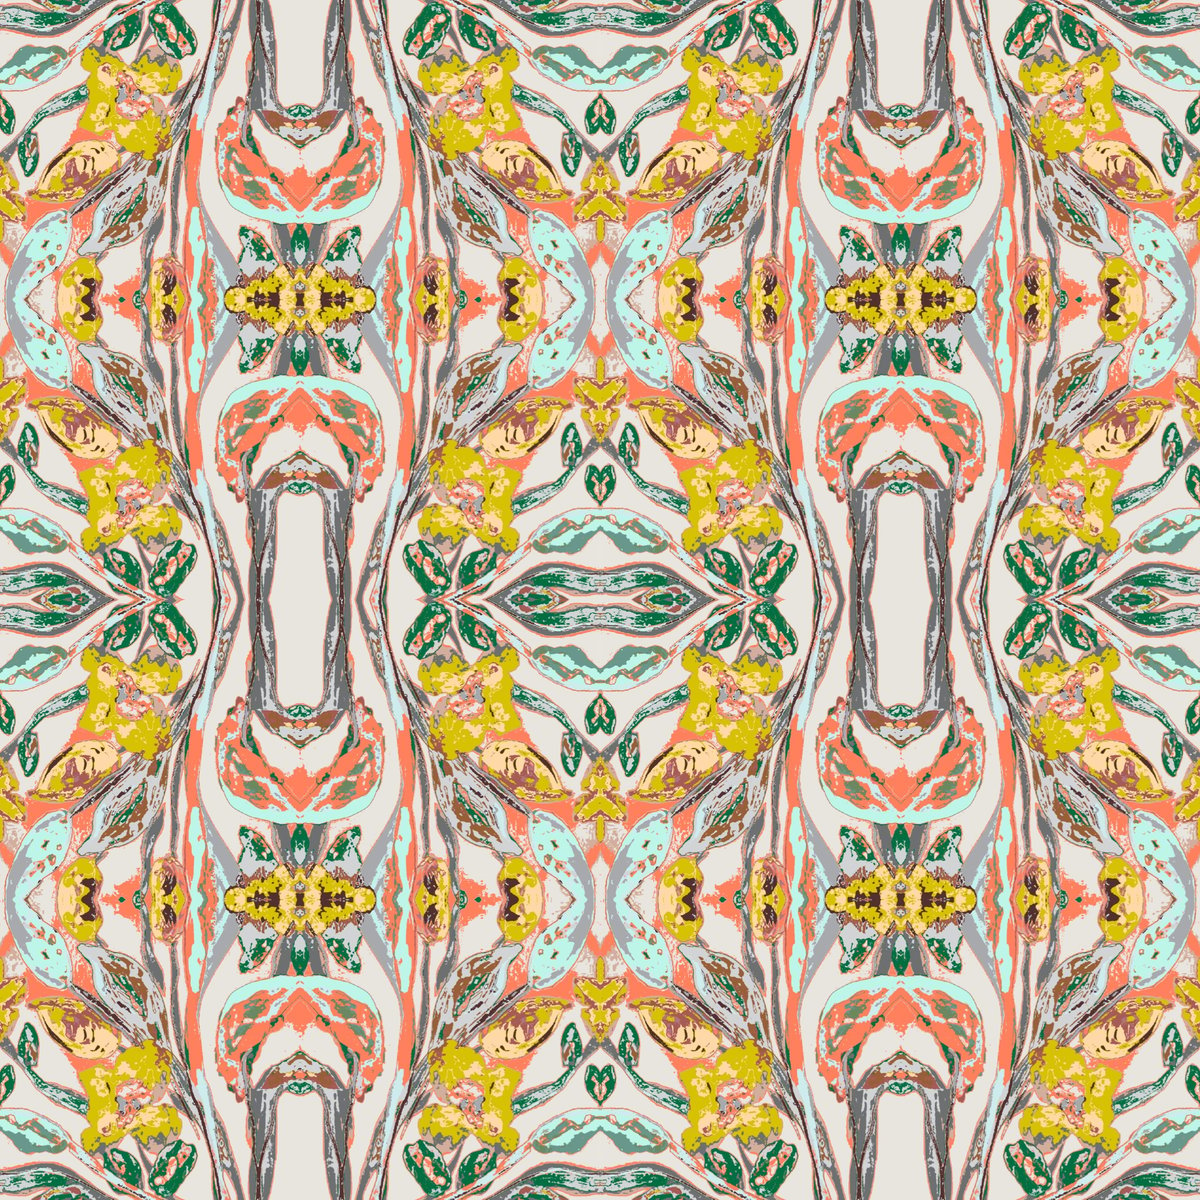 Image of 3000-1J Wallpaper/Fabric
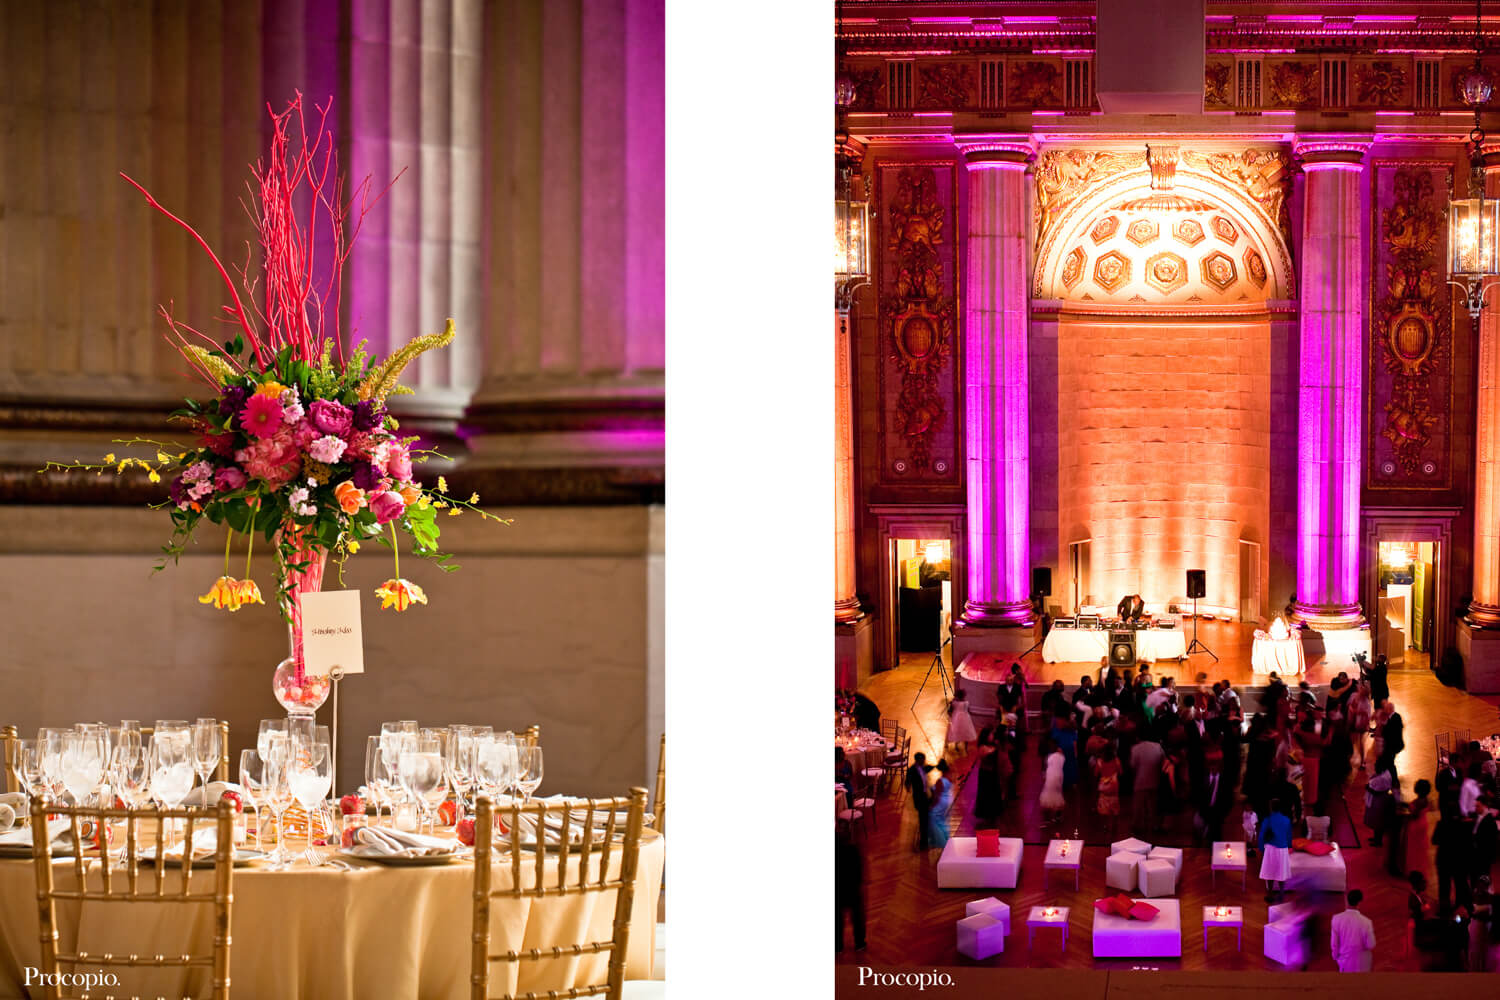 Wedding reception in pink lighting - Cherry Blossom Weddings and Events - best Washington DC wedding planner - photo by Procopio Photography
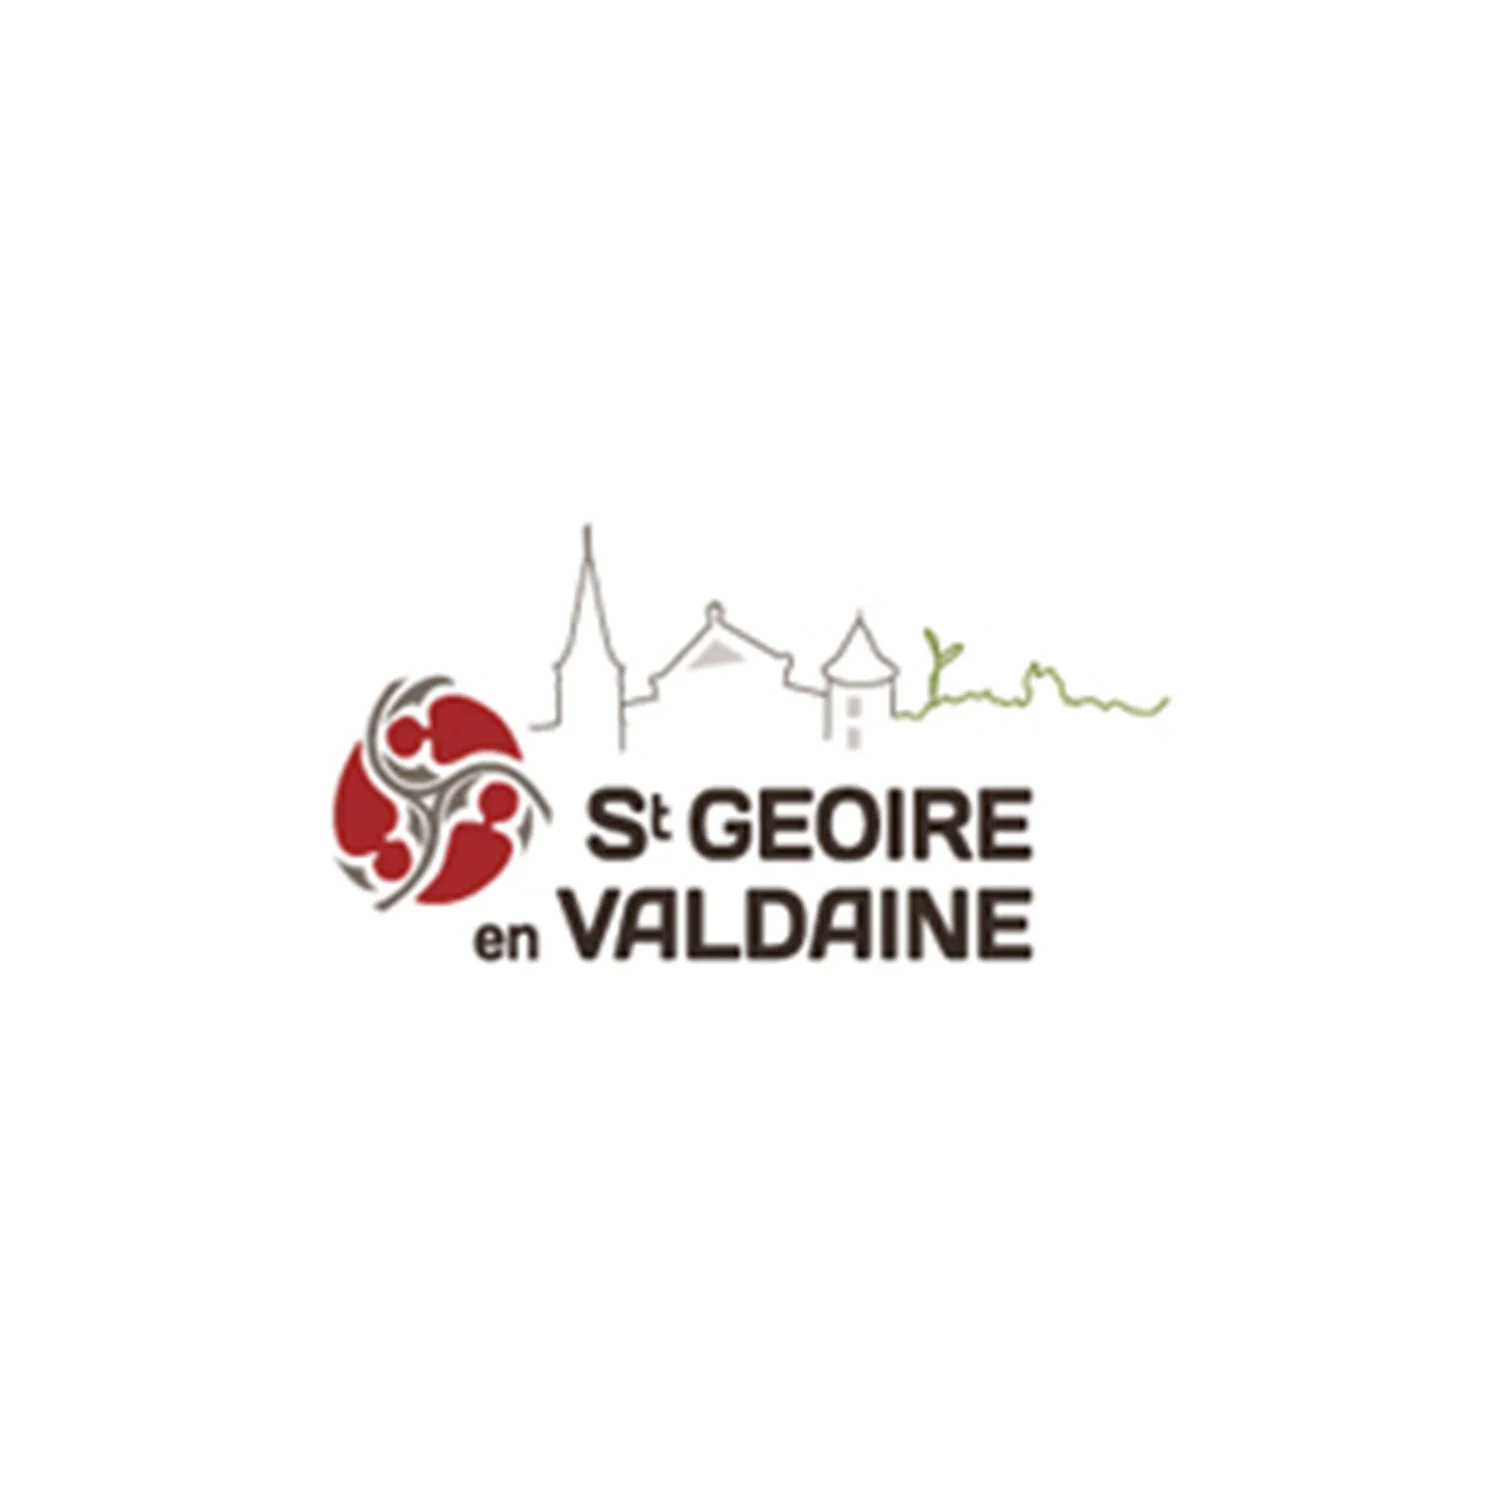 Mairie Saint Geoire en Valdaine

(Work item)
Please keep every line of the data the same when you reproduce it, and keep every picture out.

(Task output)
 Image of 3000-1J Wallpaper/Fabric
 Wedding reception in pink lighting - Cherry Blossom Weddings and Events - best Washington DC wedding planner - photo by Procopio Photography
 Mairie Saint Geoire en Valdaine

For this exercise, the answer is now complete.